If you have an assignment due in two weeks, do you work on it right then and there, or do you wait a week-and-a-half and rush to finish it the night before it's due?
If you're like many people (and the writer of this piece), you're going to wait until last-minute panic sets in before you buckle down and get your work done.
Procrastination is common, and often it is even expected, but that does not mean it is completely harmless. In some situations, it can have a significant effect on productivity. For Caltech's Charlie Sprenger, professor of economics, procrastination is a problem that can be solved with the tools of his trade, and he has started in a place where its effects can be acute: health care.
In a paper published in the Journal of the European Economic Association, Sprenger and colleagues from UC San Diego, the London School of Economics, Germany's FAU Erlangen-Nuremberg, and the University of Pittsburgh show how they used economics principles to tackle the problem of procrastination during polio vaccination drives in Pakistan.
During those drives, health care workers are tasked with going out into neighborhoods and administering vaccinations to a set number of children over a two-day period. The system used to track those vaccinations was not exactly robust: The workers carried with them a piece of chalk and tallied the number of doses they administered on the outside walls of homes.
Eventually, Pakistani health authorities decided it could do better with a mobile phone app, which is where Sprenger and his colleagues came in. The app provided the authorities with better data—data that showed the workers were procrastinating. If a worker was expected to administer 200 doses in two days, they might do 50 the first day, and then rush to finish the remaining 150 on the second day, for example.
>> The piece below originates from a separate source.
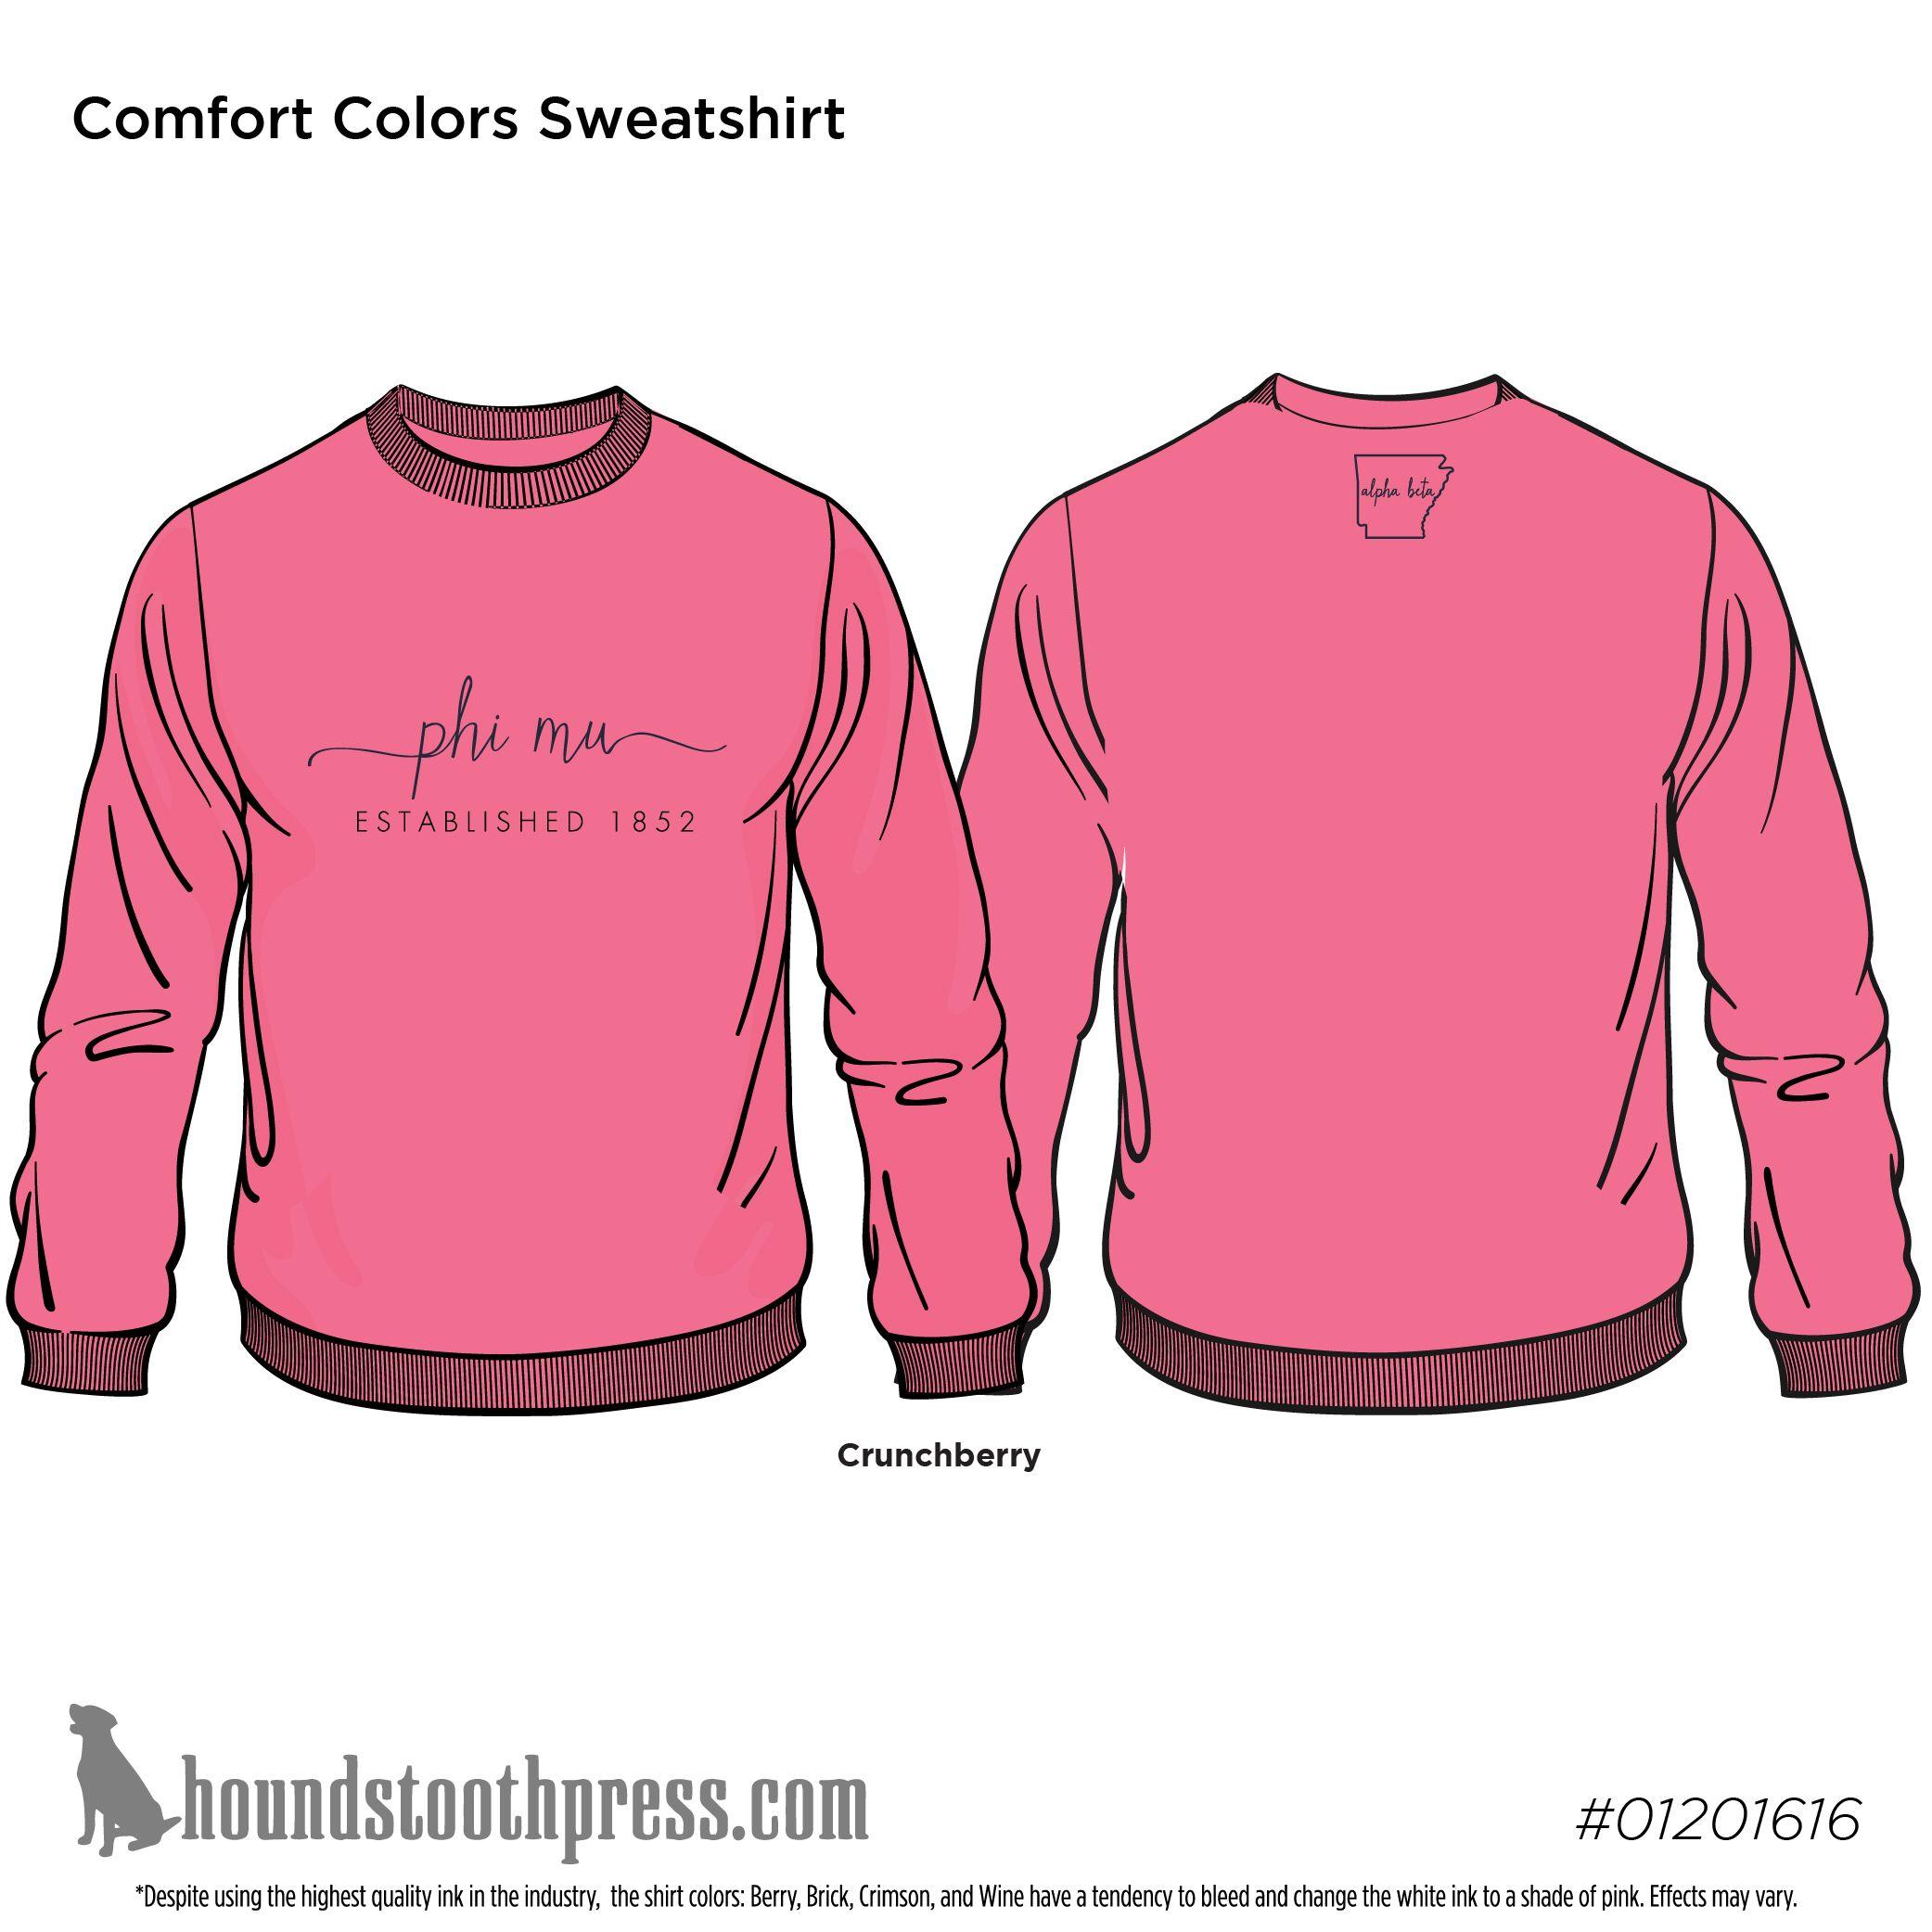 University Of Arkansas Phi Mu Comfort Colors Sweatshirt With

"That's the standard force of procrastination that most of us are familiar with when we're under deadline," Sprenger says. "We postpone the unpleasant task of doing the work until close to the deadline and then have to rush and maybe don't provide the best work that we can, given our time constraints."
Because of the logistics of distributing vaccines and their need to be kept refrigerated, health authorities want them administered in a smooth (predictable and consistent) way. A last-minute rush is not ideal.
The researchers conducted interviews with the workers to get a better idea of how they wanted to perform their work—essentially how much work did they want to do on day one and on day two. Using those preferences, Sprenger and colleagues developed tailored incentives for some of the workers.
"You could think about various ways to implement this," Sprenger says. "You could say, ‘Look, I'll pay you 10 cents per vaccine on day one and 5 cents per vaccine on day two. Doesn't that make you want to do your work earlier?' Or you could think about it differently, saying vaccines that you do on day one count for two times as much as vaccines that you do on day two."
By tailoring these kinds of incentives to individual workers based on their stated preferences, the research team showed that it was possible to reduce procrastination substantially. (They generate "behavior around 30 percent closer to the policy target of equal allocation," to be specific.)
That is a lesson that Sprenger says could be applied in many policy areas.
"It didn't need to be Pakistan, it didn't need to be government health workers. It could have been anything," he says. "This fits into a bigger agenda of using the tools of experimental economics to measure preferences and change incentive schemes based on those measurements in an individualized way."
As far as the app goes, Sprenger says the Pakistani government turned off the preference/incentives feature after the team completed its study, but the rest of the app is still in use, allowing Pakistan to monitor its vaccination efforts.
The paper describing the research is titled "Using Preference Estimates to Customize Incentives: An Application to Polio Vaccination Drives in Pakistan." Sprenger's co-authors are James Andreoni of UC San Diego, Michael Callen of the London School of Economics, Karrar Hussain of FAU Erlangen-Nuremberg, and Muhammad Yasir Khan of the University of Pittsburgh.
Funding for the research was provided by the International Growth Centre the Pershing Square Fund for Research on the Foundations of Human Behavior, and the Department for International Development Building Capacity for Research Evidence pilot program initiative.